Question 4(10 Marks):




PART C: Using a Pre-Trained Model as it is:-



Question 1(15 Marks):

In this question you will use a pre-trained YoloV3 model and use it in an application of your choice:

Ans) Application: Autonomous Detection of Road Signs and Traffic Signals For A.I Assisted Driving:
The pre-trained YoloV3 model has been used for object identification on an original video from Youtube taken from the dashboard camera of a car while driving which can be used for self driving cars.. The Yolov3 model has different versions on basis of frame rates and accuracy. The higher the frame rate of a model, the lower is the accuracy. Hence, in real time applications, it becomes important to select a proper tradeoff between the frame rate and accuracy.


Societal Impact:
Introduction of Self Driving Cars have suddenly brought forth a sky high interest in object detection and image classification among students, researchers as well as professionals. As more and more people use these kinds of cars the more data will be generated and taking into account the continuous increase in technologies related to the development of high processing units have made it all the more possible to extract useful information from unimaginable amounts of data and at high speeds. Tech giants pioneering in self driving cars eg. Tesla, have actually become a company handling huge number of confidential and sensitive data of their customers. So what are they doing amassing such amounts of data? Increasing the accuracy of their models. The more data they have, the more learning the models can do giving the models access to innumerable possibilities that can be predicted from before hand to take the best pathway possible in case of an unexpected situation. Our effort in this area with this model might be miniscule but it gives a clear understanding on how the output of the model works and how inferences can be made by whatever agent that is installed in the self driving car to choose among various possibilities pertaining to the situation present at hand. Each mistake will lead to new learning and in turn giving the customers more safety and precaution as well as prevention from potential harmful choices that had previously led other customers to danger. Self driving cars have not yet reached a very high accuracy and are often plagued with uncertain and funny glitches as sometimes seen from videos on Youtube but if they are used as assistants right now giving advises depending on the current situations then it will be really helpful for most people on the road.
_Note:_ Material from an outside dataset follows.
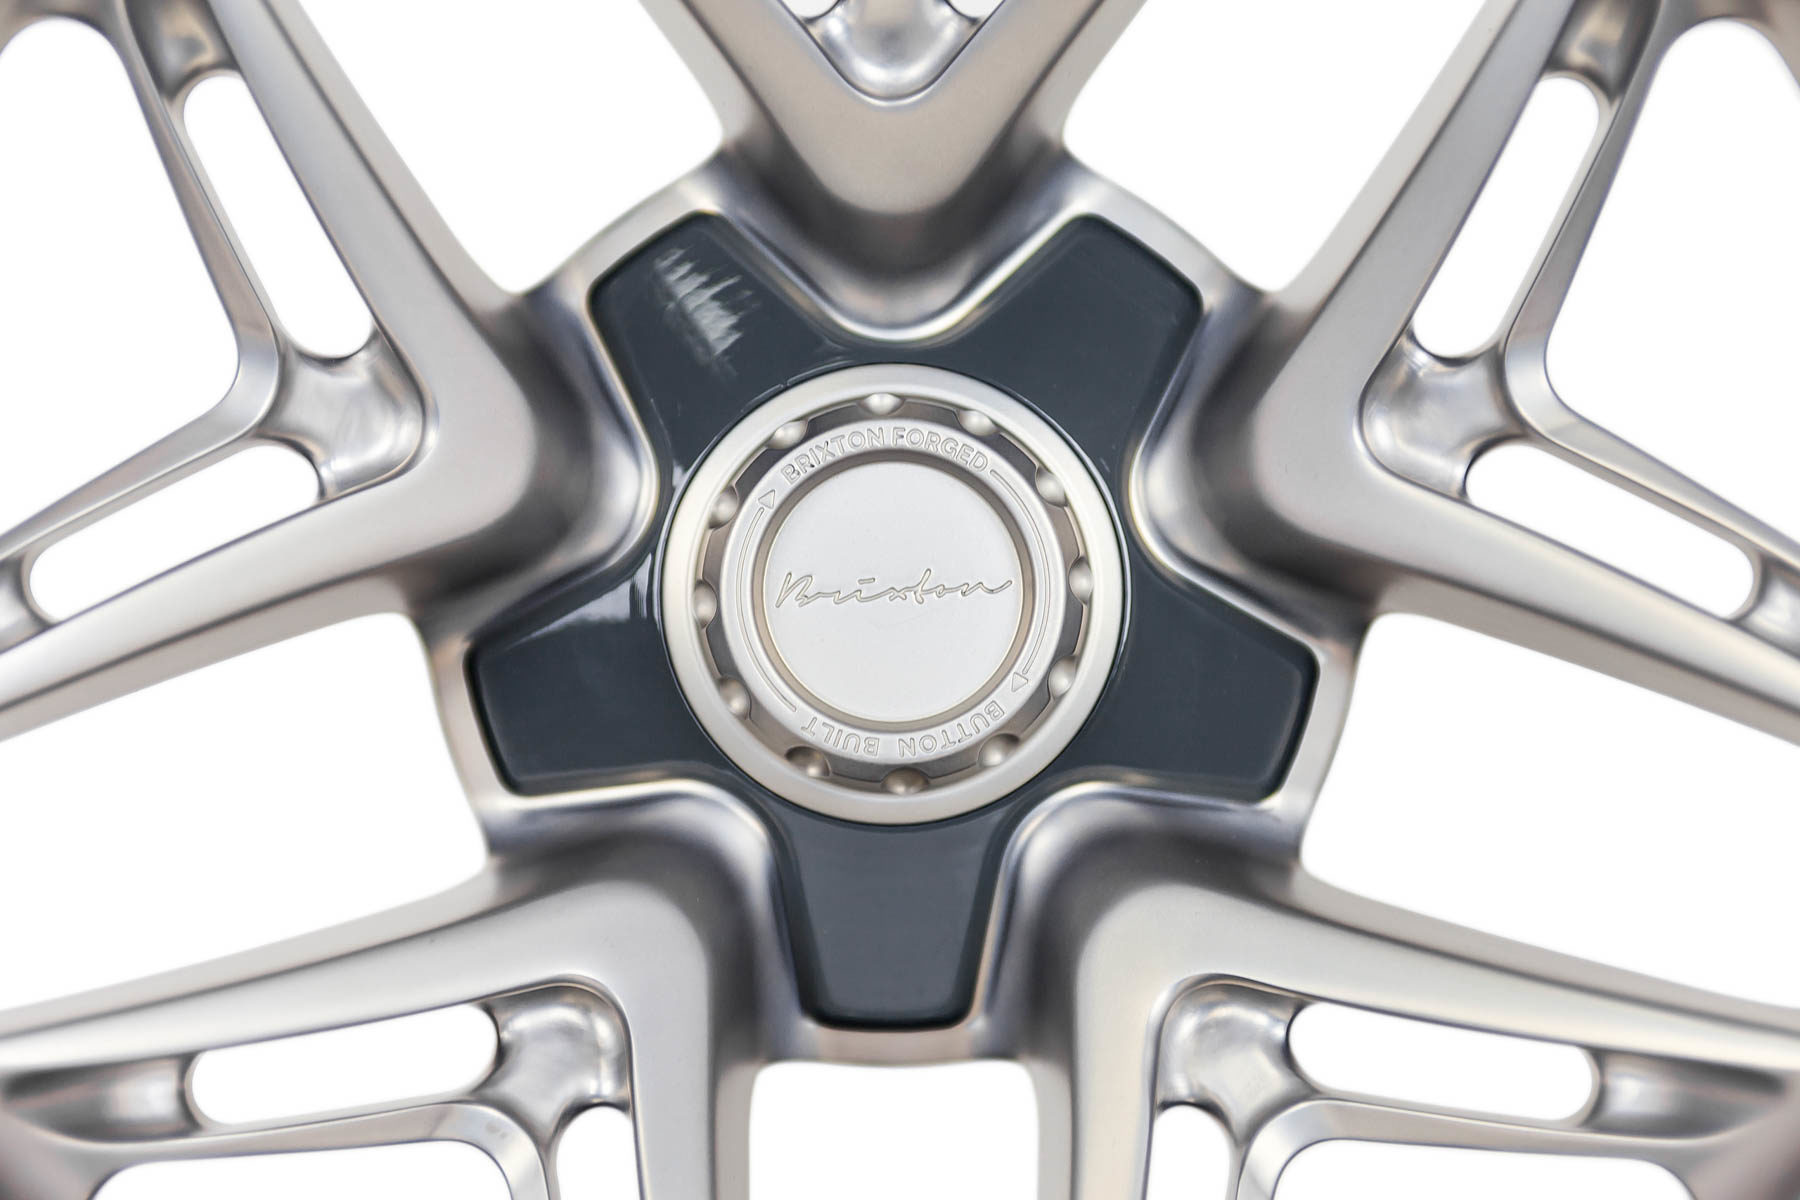 brixton-forged-button-built-ferrari-328-gts-brixton-forged-bb01-6-1-1800x1200.jpg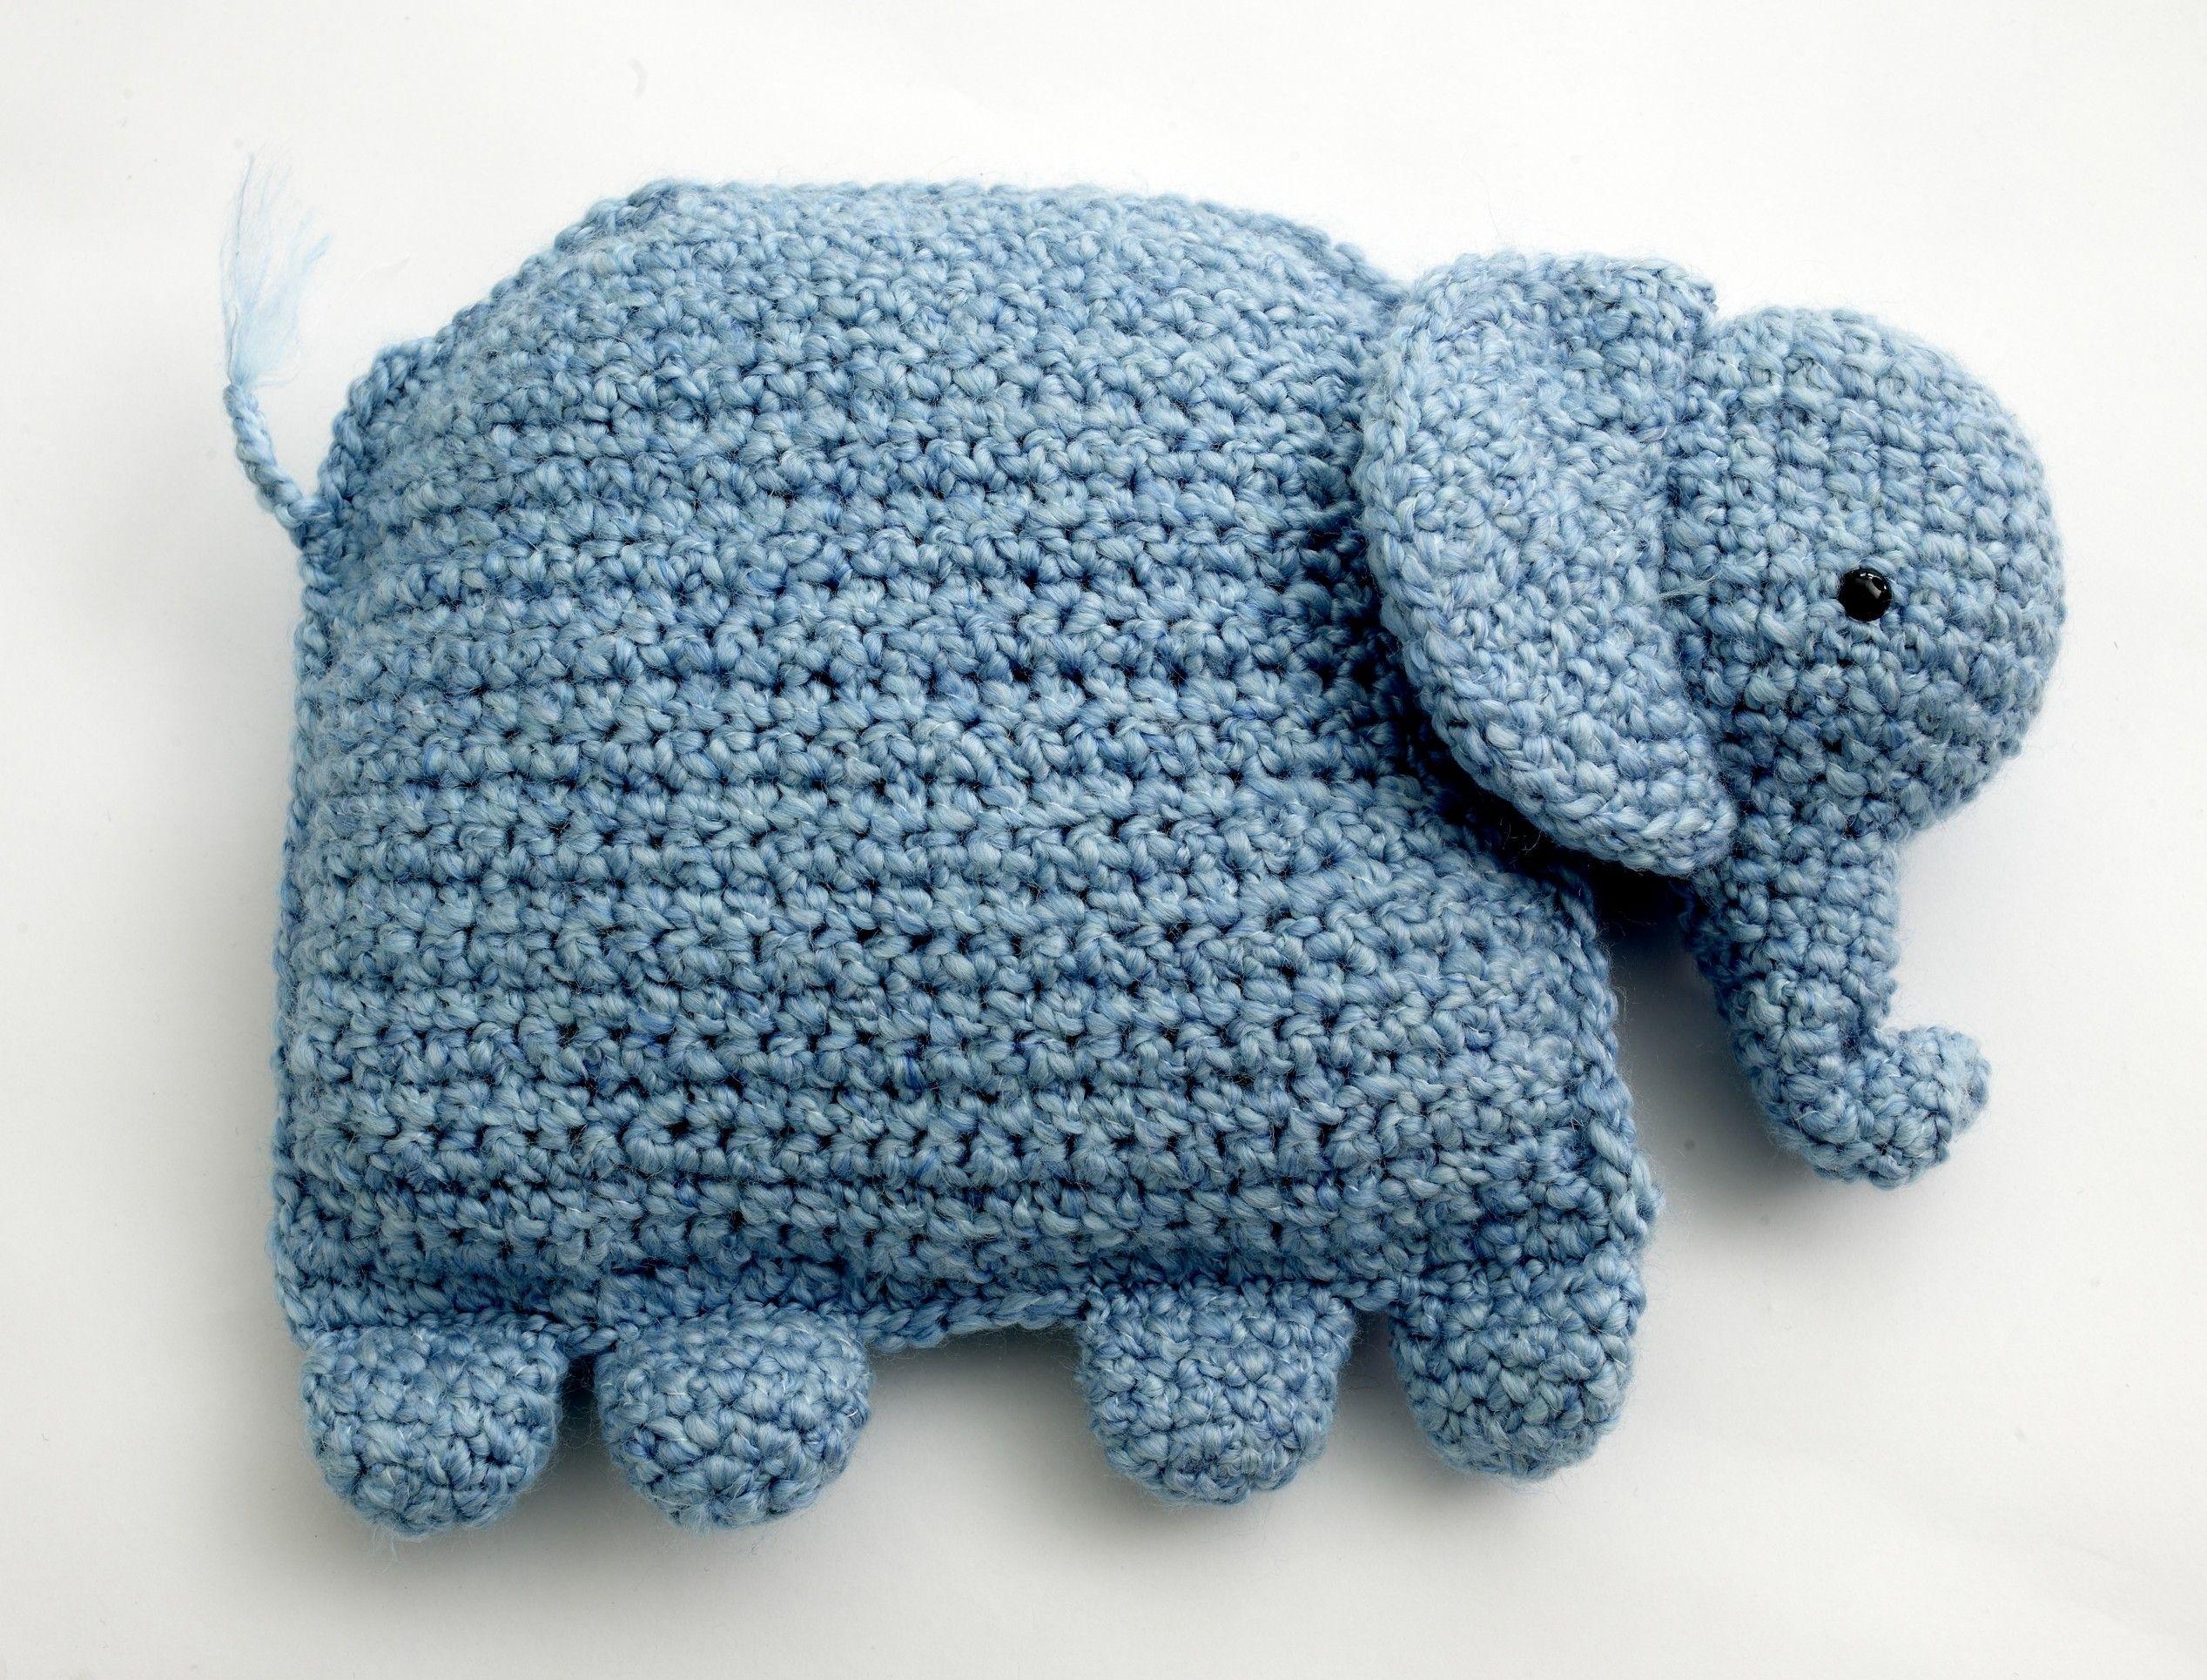 Amigurumi Patterns Elephant : Amigurumi archives cool creativities

As even the best of us get distracted sometimes and having an A.I assistant to help us on our journey giving us pointers on the traffic signals and traffic signs up ahead will certainly make it easier for the usual people.




Self Declaration:-

Contribution:

CS21S048: (50% contribution)
  • Coding for Part A, B, and C
  • Testing the code
  • Setting up Wandb sweeps
  • Generating plots and others figures used in the report
  • Performing object detection
  • Updating GitHub repository
  • Writing report
CS21S058: (50% contribution)
  • Coding for Part A, B, and C
  • Testing the code
  • Setting up Wandb sweeps
  • Generating plots and others figures used in the report
  • Performing object detection
  • Updating GitHub repository
  • Writing report
We, Dipra Bhagat and Subham Das, swear on our honour that the above declaration is correct.